*Supplied information*.
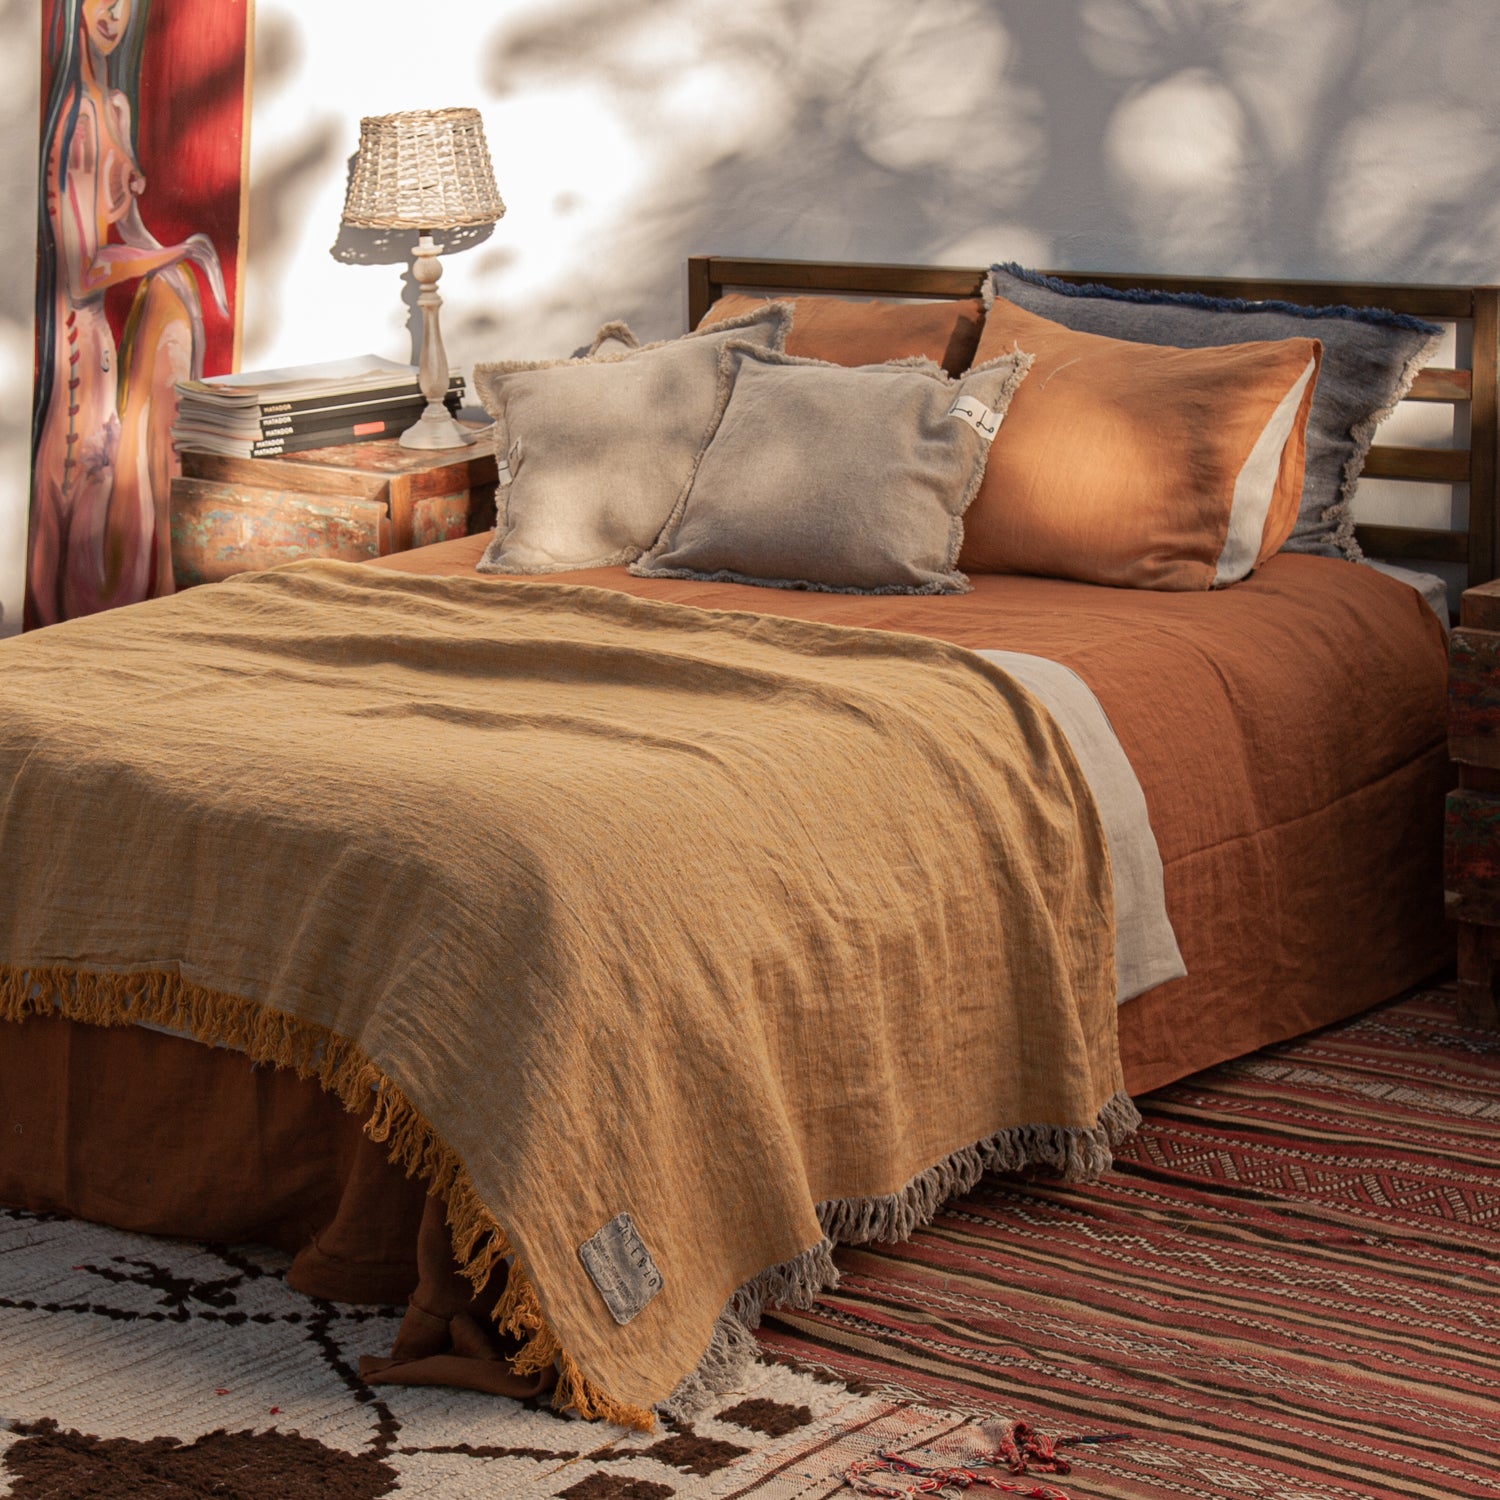 Cama de madera vestida de lino teja. Colcha mostaza y almohadones decorativos de lino rústico natural.
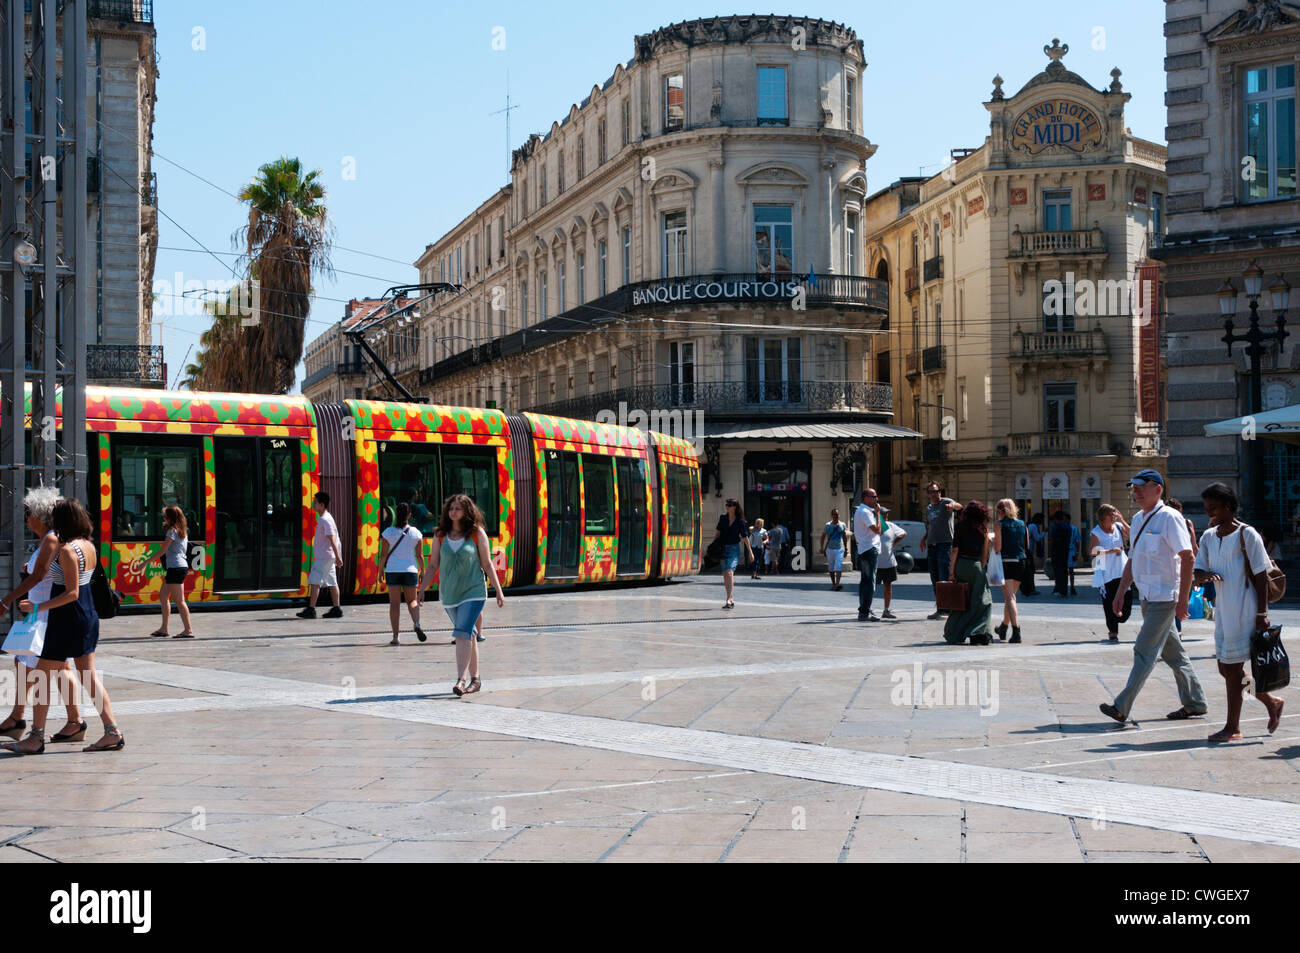 Eine bunte Straßenbahn in Place De La Comédie, Montpellier, Frankreich. Stockfoto
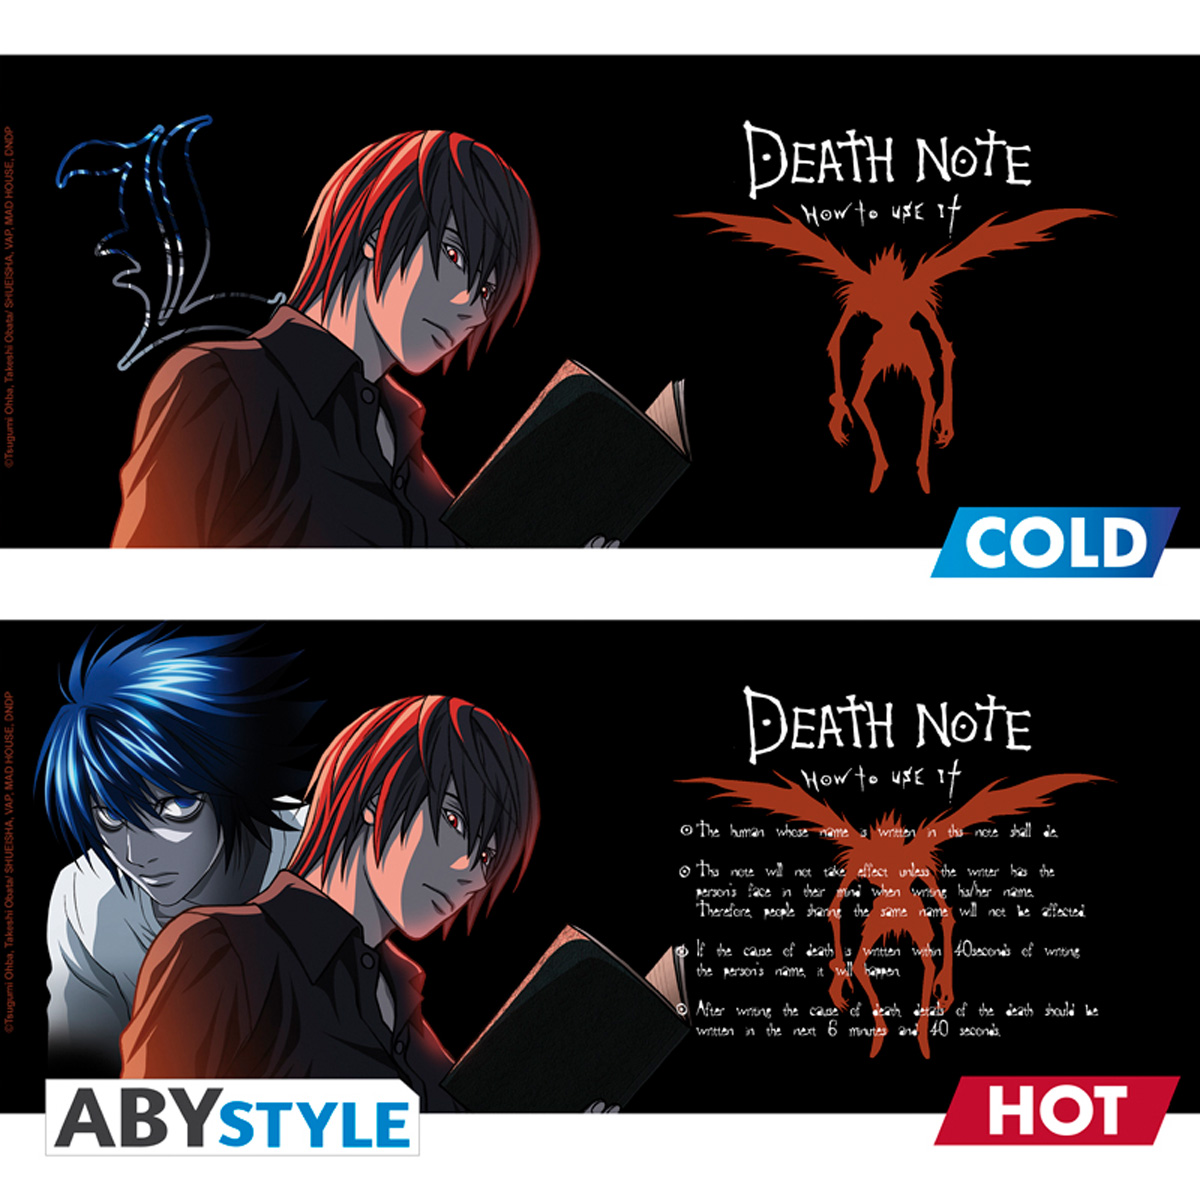 Novo filme de Death Note apresenta novos personagens e 6 Death Notes -  Crunchyroll Notícias

*Work required*.
Repeat the whole listing above word for word. Leave out the pictures.

*Response area*.
 Cama de madera vestida de lino teja. Colcha mostaza y almohadones decorativos de lino rústico natural.
 Eine bunte Straßenbahn in Place De La Comédie, Montpellier, Frankreich. Stockfoto
 Novo filme de Death Note apresenta novos personagens e 6 Death Notes -  Crunchyroll Notícias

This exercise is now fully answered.